The electro-optical crystal thin film provided by the embodiment of the application is applied to the electro-optical modulator, the electro-optical modulator has the advantages of two materials, namely silicon, lithium niobate and other electro-optical crystals, takes the silicon waveguide with high refractive index as a loading strip, simultaneously realizes the optical modulation effect on the lithium niobate layer, and can be widely applied.
The embodiment of the application also provides a method for preparing the electro-optic crystal film, as shown in fig. 3, and fig. 3 is a schematic structural diagram of a preparation process of the electro-optic crystal film.
Specifically, as shown in fig. 4, the preparation method comprises the following steps:
s11, preparing a silicon-on-insulator structure, and etching the top silicon 100 of the silicon-on-insulator structure by adopting an etching method to form a silicon waveguide layer 130; the silicon-on-insulator structure comprises a silicon substrate layer 110, a silicon dioxide layer 120 and top silicon 100 from bottom to top in sequence; after etching, a trench structure is formed in the silicon waveguide layer 130.
The SOI wafer structure is also called as an SOI wafer, and the structure of the SOI wafer is as follows from top to bottom: 50nm-50 mu m Si/50nm-5 mu m SiO2/Si。
Optionally, in this step, a plurality of uniformly distributed ridge-type strip silicon waveguides are etched on one surface of the top silicon 100 by a dry method to form the silicon waveguide layer 130, and the silicon waveguide layer 130 may also be completed by a process combining a mechanical processing, a wet etching and a plurality of processing modes; the dimensions of the ridge-type silicon waveguide are width: 50nm-50 μm, thickness: 50nm-50 μm, wherein the top layer silicon 100(Si) is completely etched or partially etched, and after etching, a groove structure is formed between adjacent ridge type strip-shaped silicon waveguides.
S12, filling the trench structure with a cladding isolation layer 140, and planarizing the trench structure.
Optionally, in this step, a cladding isolation layer 140 is deposited on the surface of the silicon waveguide, the cladding isolation layer 140 fills the groove structure and covers the silicon waveguide layer, the cladding isolation layer 140 is ground and polished to the silicon waveguide layer 130, when the removal rate of polishing is almost zero, the polishing is stopped, and this step is repeated at least three times; wherein the final polishing leaves a cladding isolation layer 140 of a target thickness (e.g., 50nm, 100nm, 500nm, 1000nm, 2000nm, etc.) over the silicon waveguide layer 130 until the roughness of the cladding isolation layer 140 is less than 0.5nm and the surface flatness is less than 1 nm. The final effect of this step is that the thickness of the silicon dioxide covering the silicon waveguide layer 130 is 10nm-1000nm, and the actual thickness of the silicon dioxide covering the silicon waveguide layer 130 is 10nm + -0.5 nm-1000nm + -50 nm calculated by 5% non-uniformity.
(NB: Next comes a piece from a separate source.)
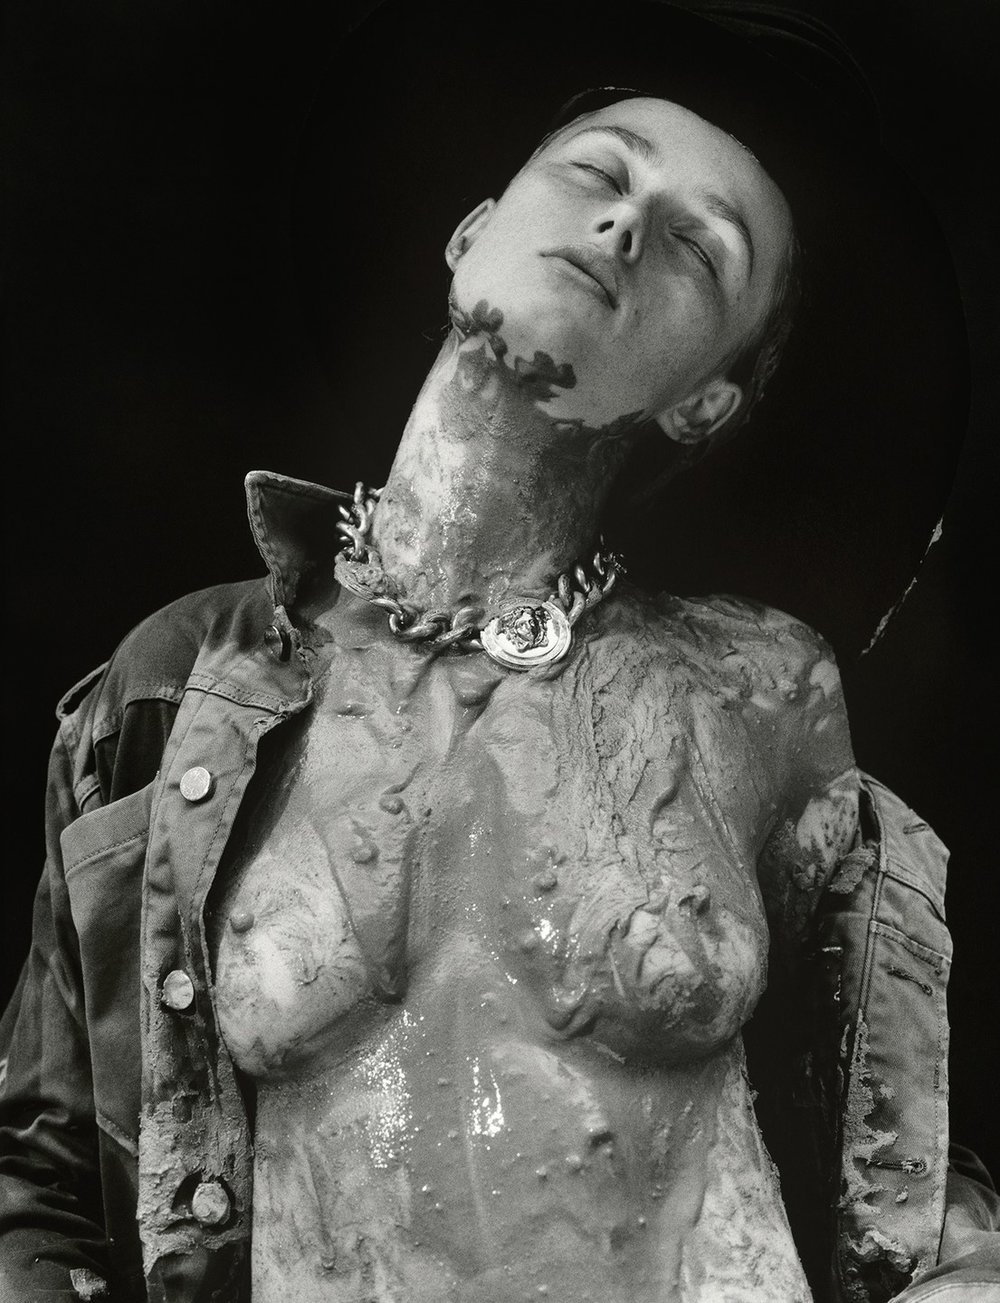 Rianne_van_Rompaey-Harley_Weir-Love_Magazine-01-itr2010.jpg

Wherein, the deposition method of the cladding isolation layer 140 is PECVD, sputtering, evaporation, electroplating, etc.; the polishing method may adopt CMP.
S13, a measurement reflection layer 150 is deposited on the planarized cladding isolation layer 140.
The deposition method of the measurement reflection layer 150 may be magnetron sputtering.
S14, an isolation layer 160 is deposited on the measurement reflection layer 150 and planarized.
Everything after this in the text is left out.